» Problem statement
Leave out the pictures and output exactly the lines below from the one with "skull mask wallpapers" down to the one with "Prickly Games |", both of them included.

» Task inputs
.....
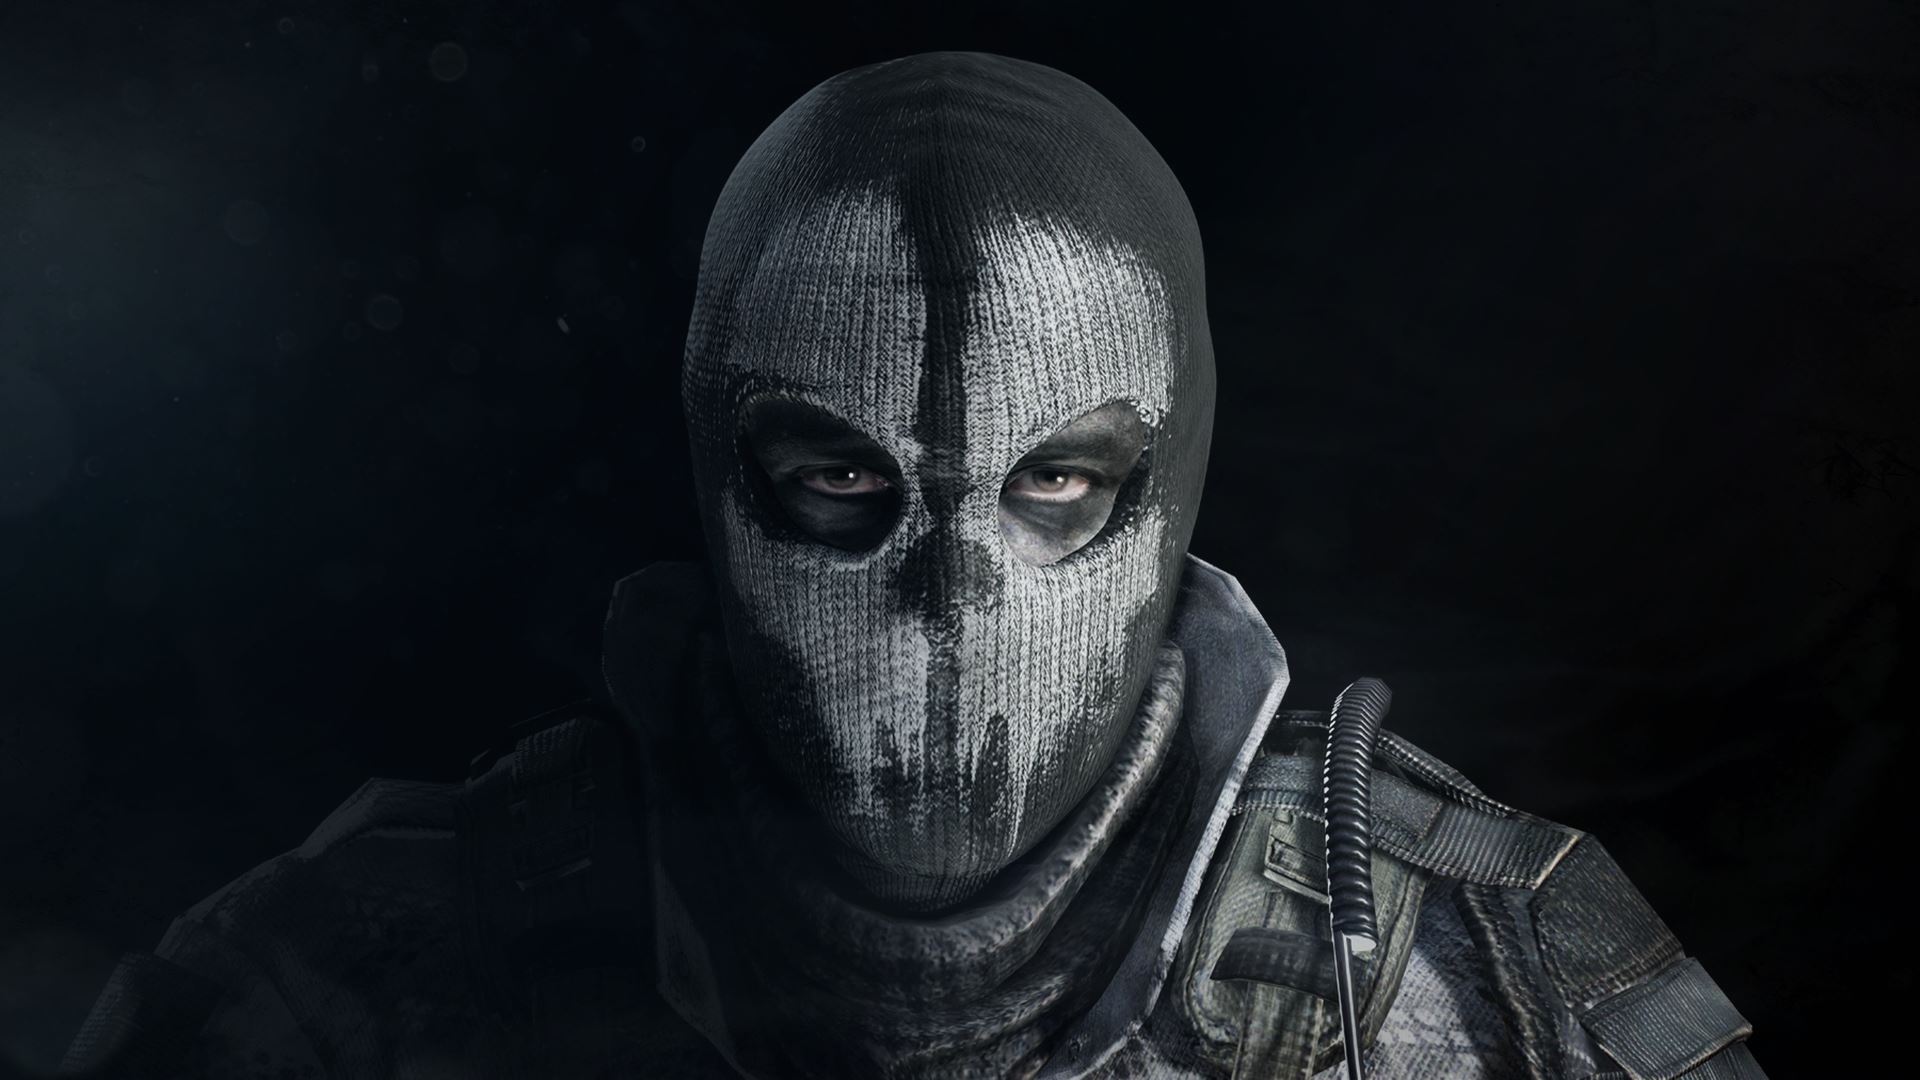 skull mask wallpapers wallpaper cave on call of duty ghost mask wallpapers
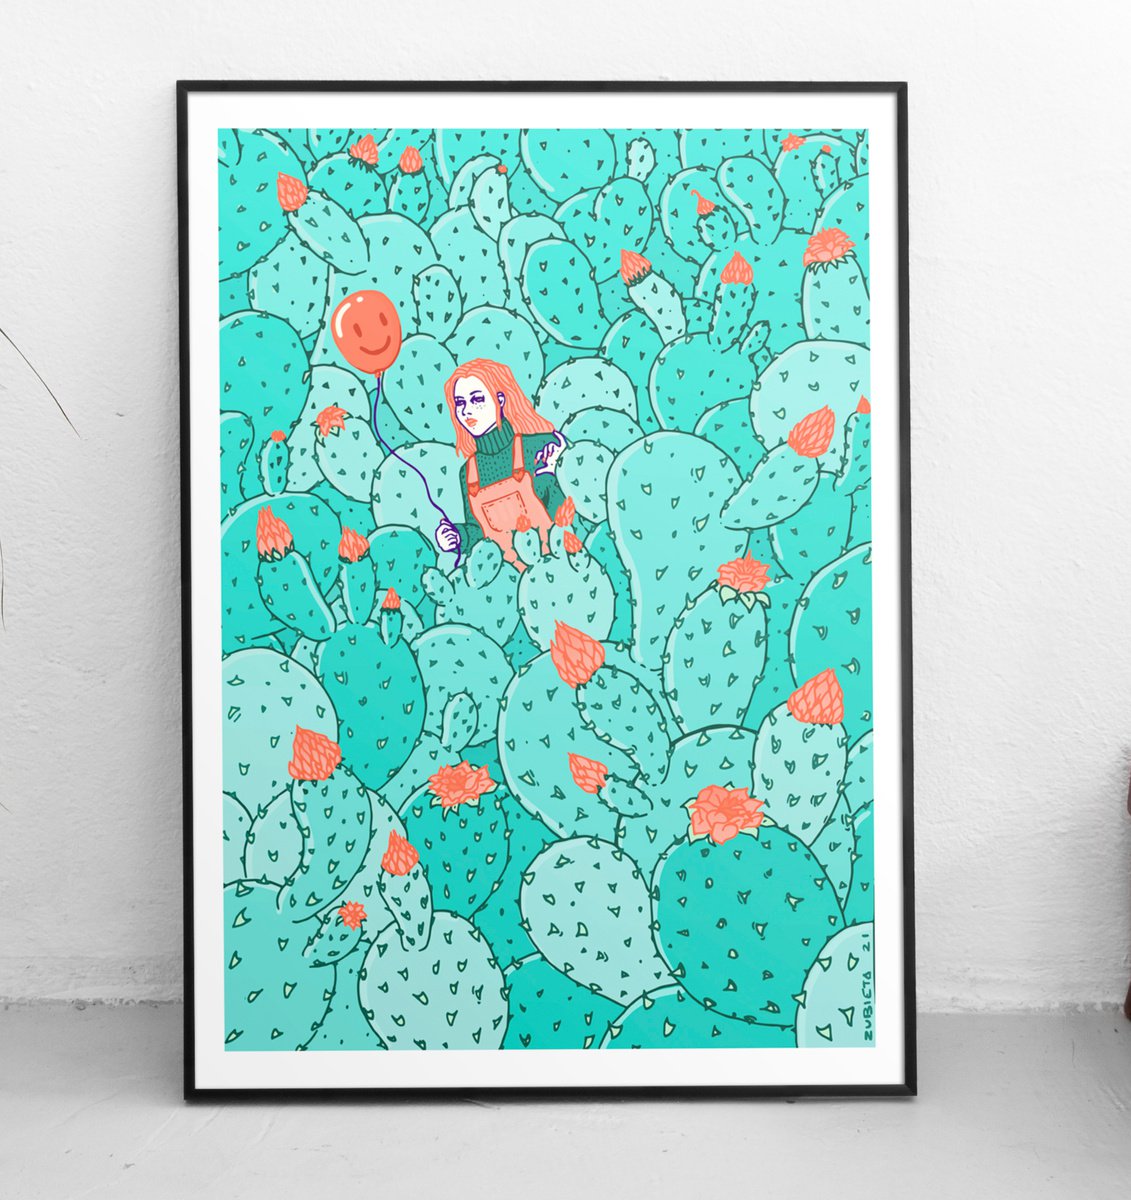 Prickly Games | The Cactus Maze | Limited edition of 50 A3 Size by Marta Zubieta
.....
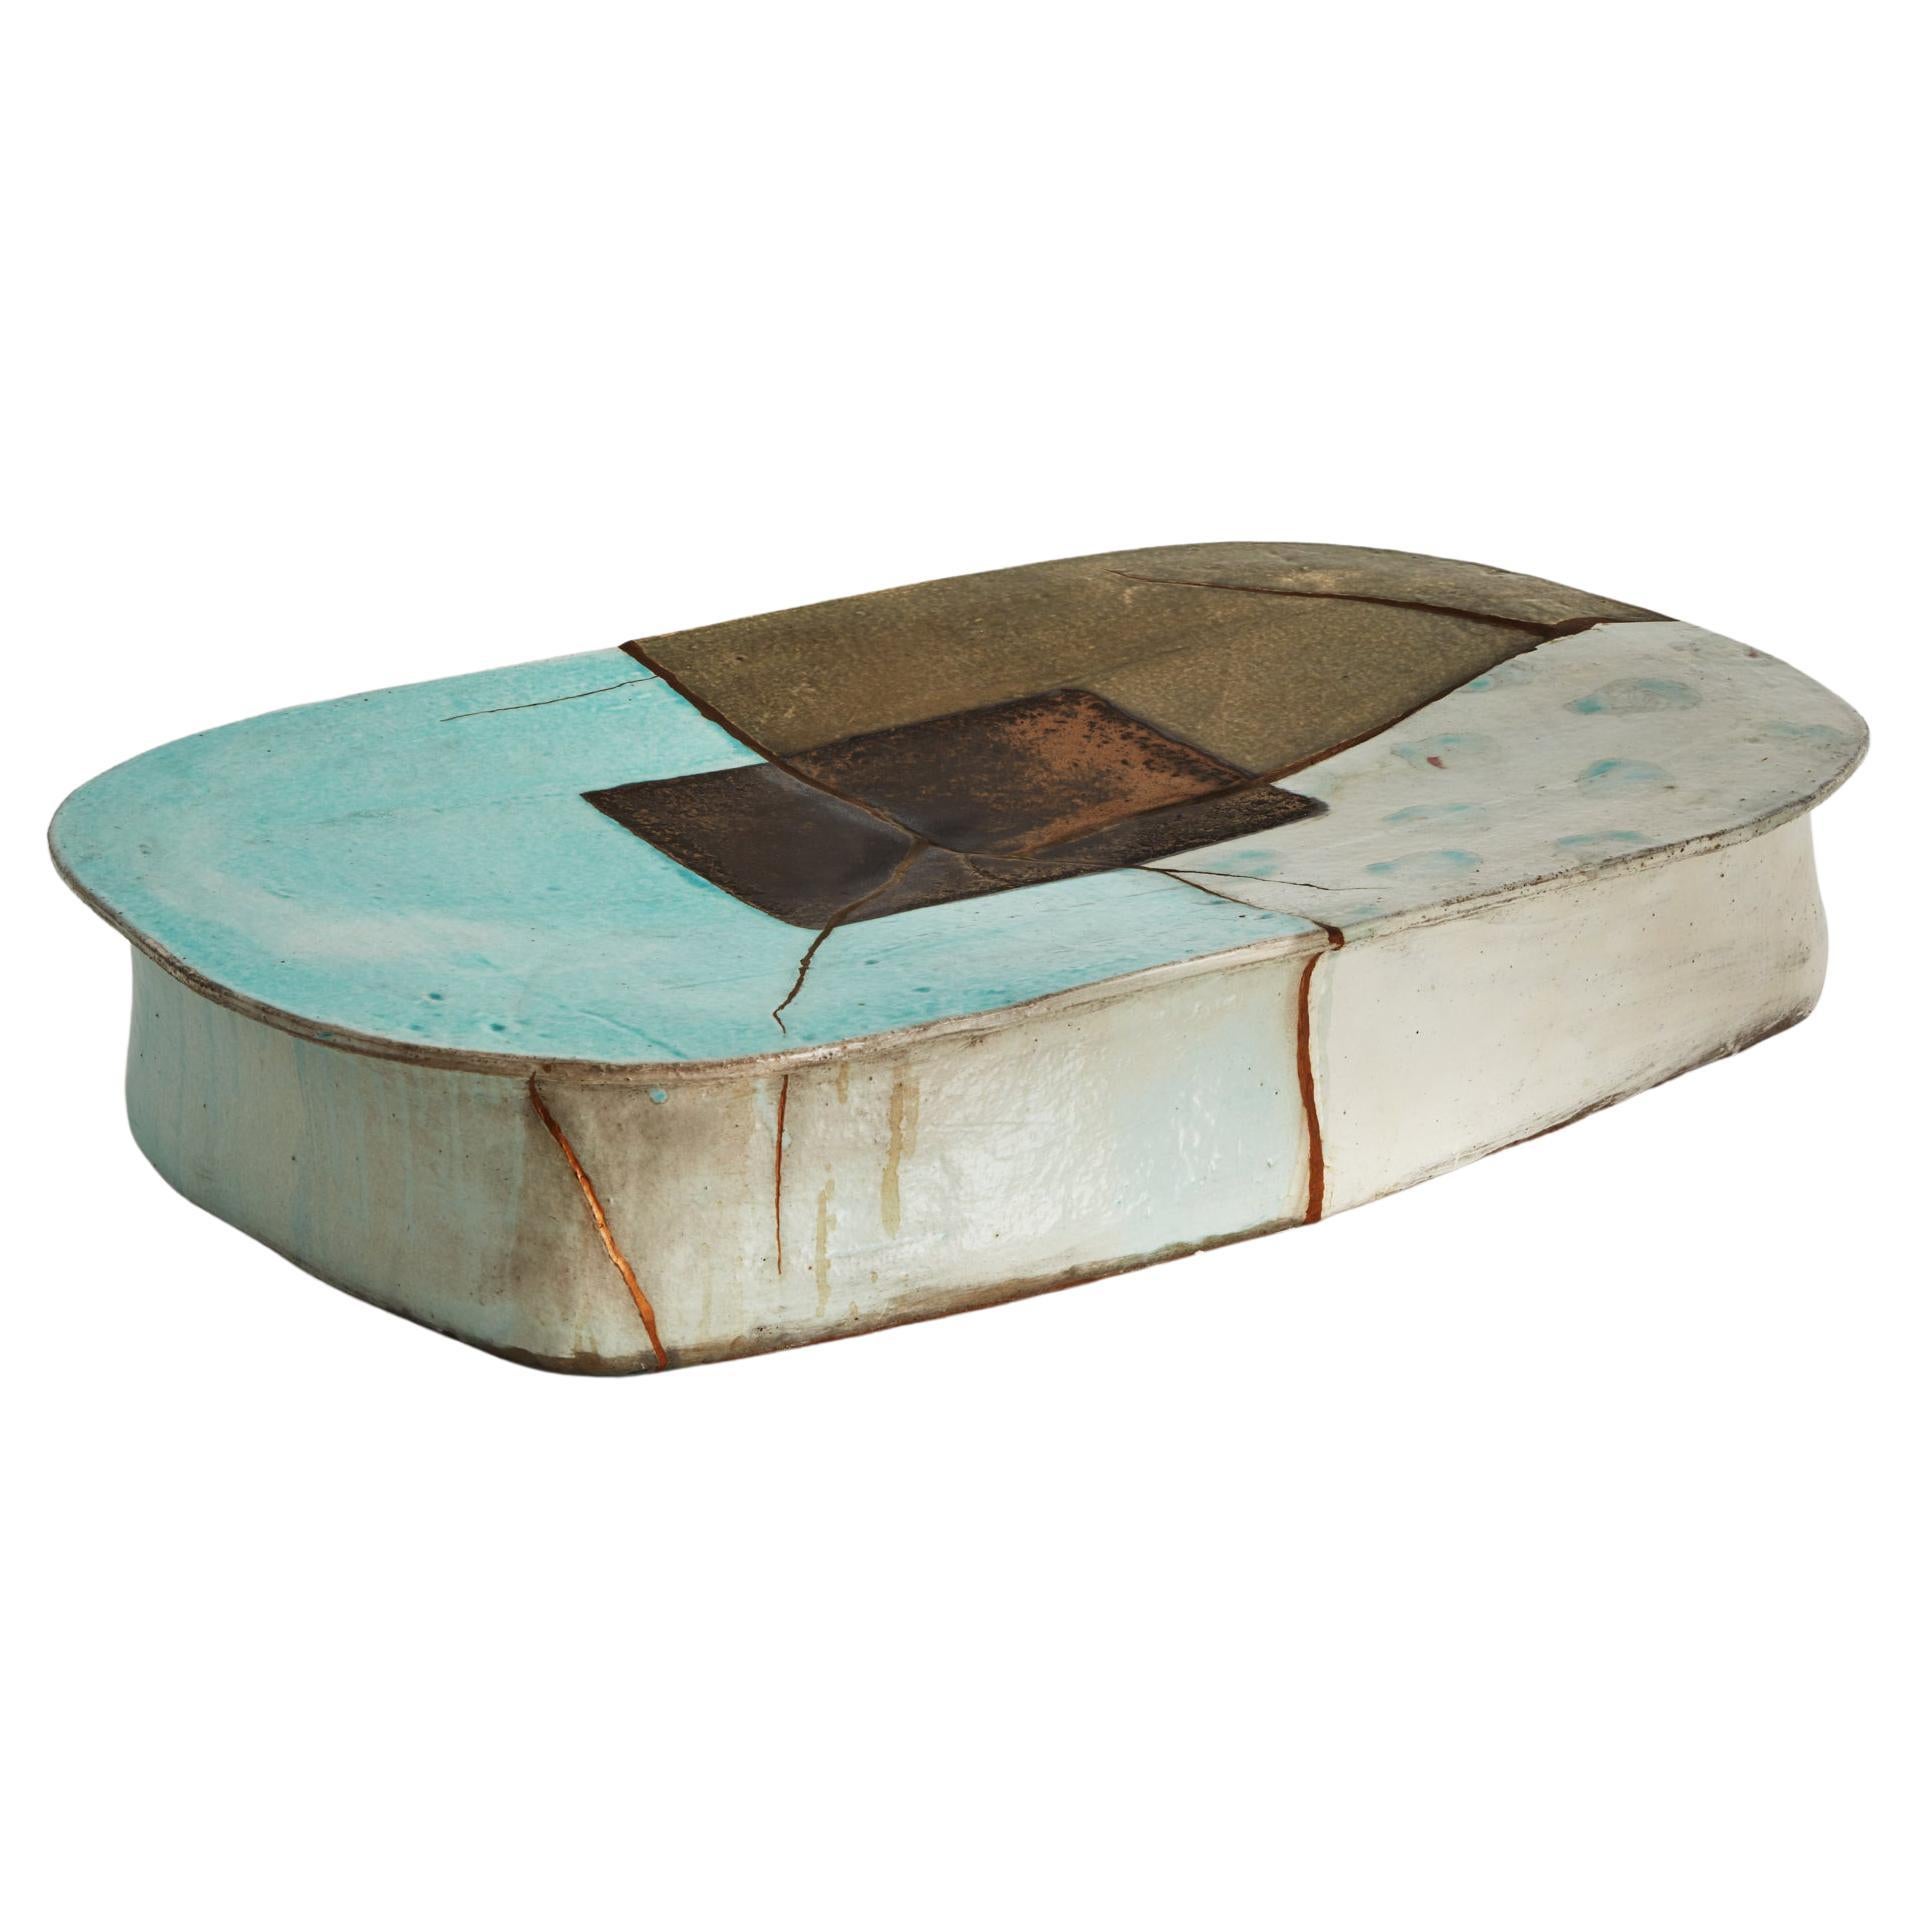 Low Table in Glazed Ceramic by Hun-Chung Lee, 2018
.....
» Answer space
 skull mask wallpapers wallpaper cave on call of duty ghost mask wallpapers
 Prickly Games | The Cactus Maze | Limited edition of 50 A3 Size by Marta Zubieta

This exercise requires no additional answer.